Once upon a time, when I used only Kingsford and first started smoking, I used a quarter of a large chimney of hot briquettes for 225F, half for 250F, 3/4 for 275F, and a full chimney for 300F+.  That's what I added to my cold briquette/wood pile in my WSM.  I dumped the chimney when I saw the lower briquettes ashing out the bottom of the chimney.  By playing with my vents during warmup, I could catch the temp where I wanted it, but there were times it got away from me.  Basically I was adding too much heat and hot fuel to the heat, fuel, and air triangle. 

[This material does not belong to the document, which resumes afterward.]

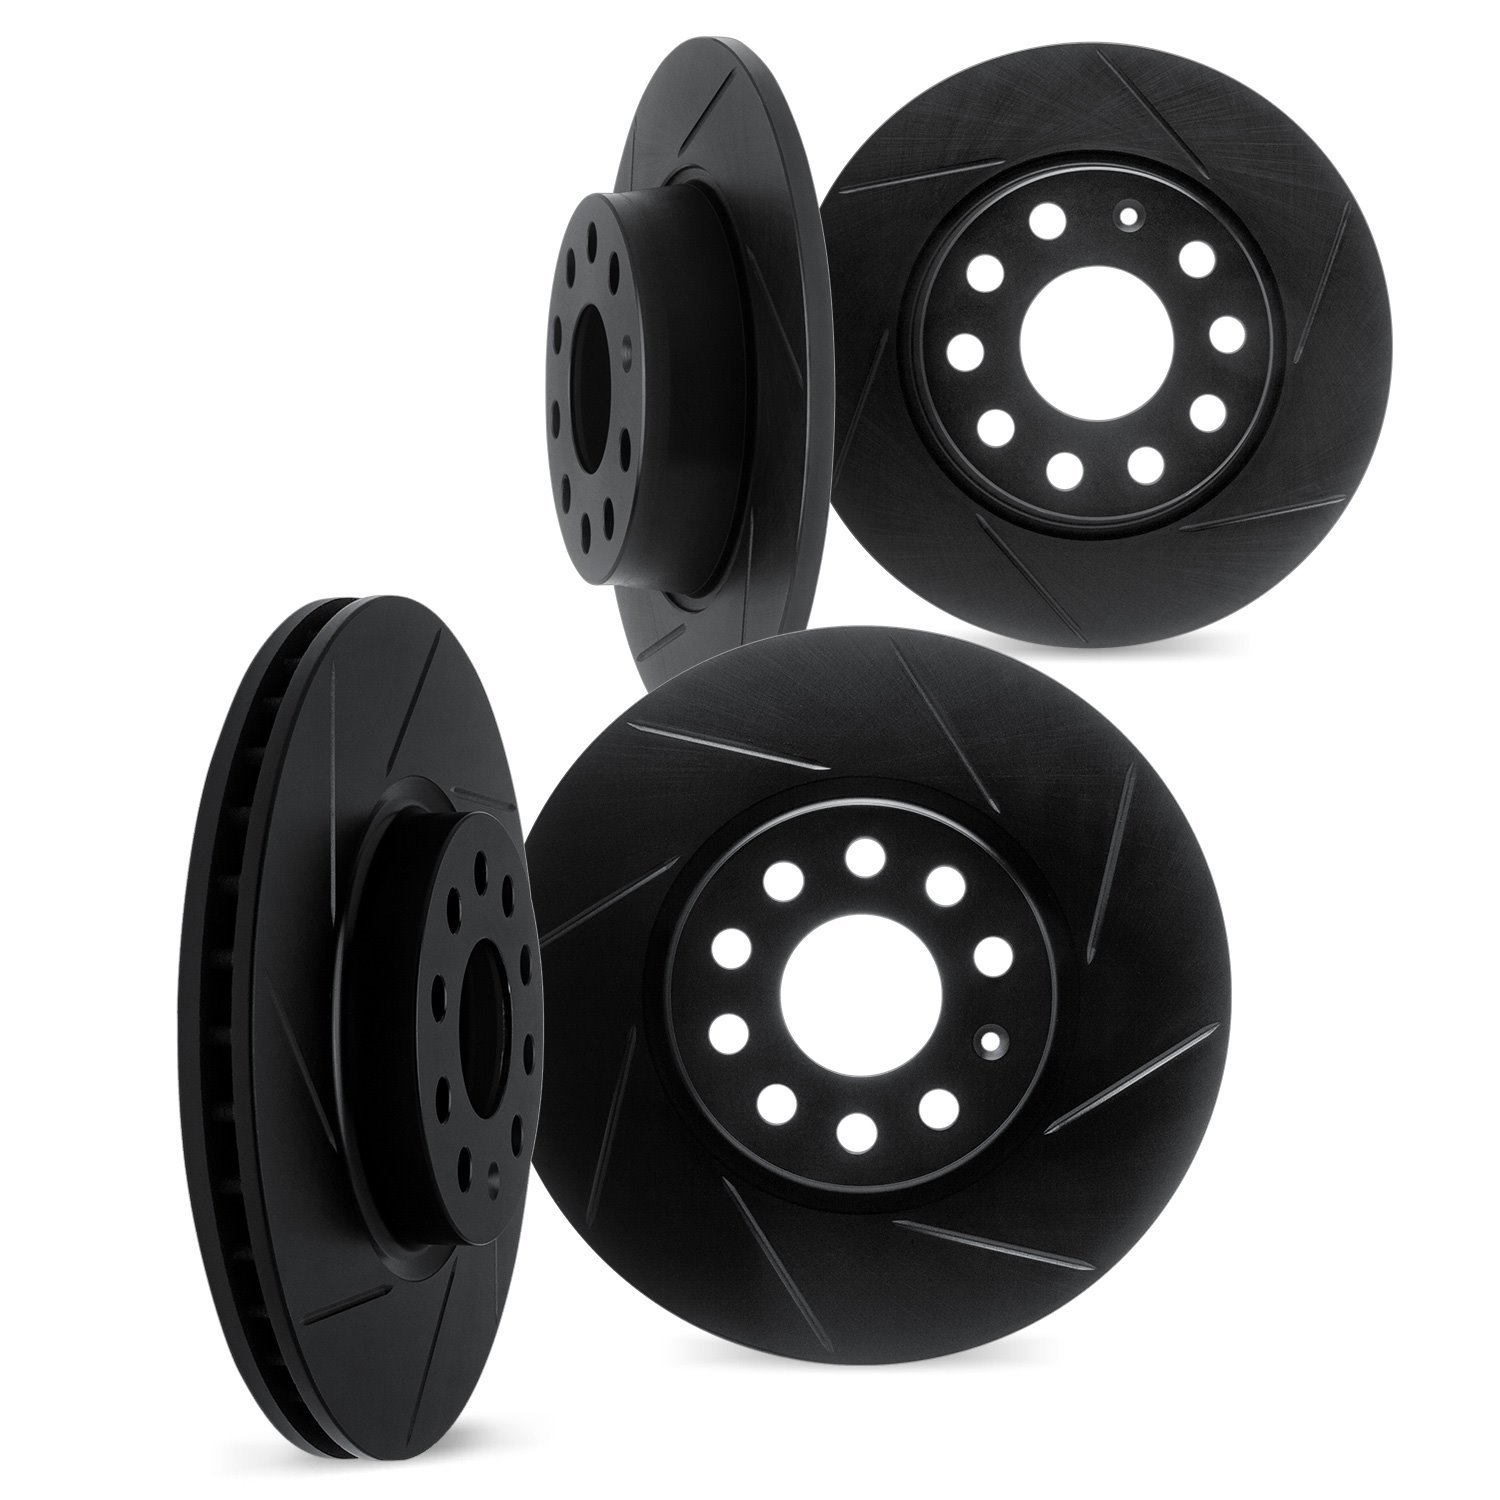 3004-03031 Slotted Brake Rotors [Black], Fits Select Kia/Hyundai/Genesis, Position: Front and Rear

Then I switched to the 25% denser Royal Oak Ridge briquette. When I'm aiming for 225F, I use no more than 8-10 hot briquettes in the small chimney, and usually load them when the edges are merely ashed, but there's still black left.  That hot load goes in a dimple in the middle of my cold briquette/wood chunk pile.  I set my vents as if it is already at 225F and go do something for an hour to an hour and a half.  By then the chamber will have come up to temp, I have blue smoke, and can quickly load the meat. 

It's all part of the learning process.  What I described above is what I do today. Next year, I may do something different. Just find what works for you and don't be afraid to experiment. It's all about heat, fuel, and air, the fire triangle. You can play with any one, two, or three of those to get the result you want.


----------



## Geebs (Mar 17, 2018)

Nice input noboundries. I have a small chimney so my 1/4 to half is about 10-20 briquettes. And I agree I don’t wait until the top are completely ashed because by then the bottom coals aren’t past where i want them. Definitely took me a few smokes to get this figured out, takes time as many things with smoking does.


----------



## chopsaw (Mar 17, 2018)

Side light method on a WSM works really good . Not sure how your smoker is set up . Dirtsailor   has the idea and the thread on it .  https://www.smokingmeatforums.com/t...hod-for-charcoal-smokers.257071/#post_1677800


----------



## workedtheworld (Mar 18, 2018)

Loss of charcoal while starting a chimney has bothered me also. I have begun heating my briquettes with a propane torch while they are in the smoker. They take a little longer to get going but all the heat goes to my smoker. I do have a horizontal smoker, not a vertical.


----------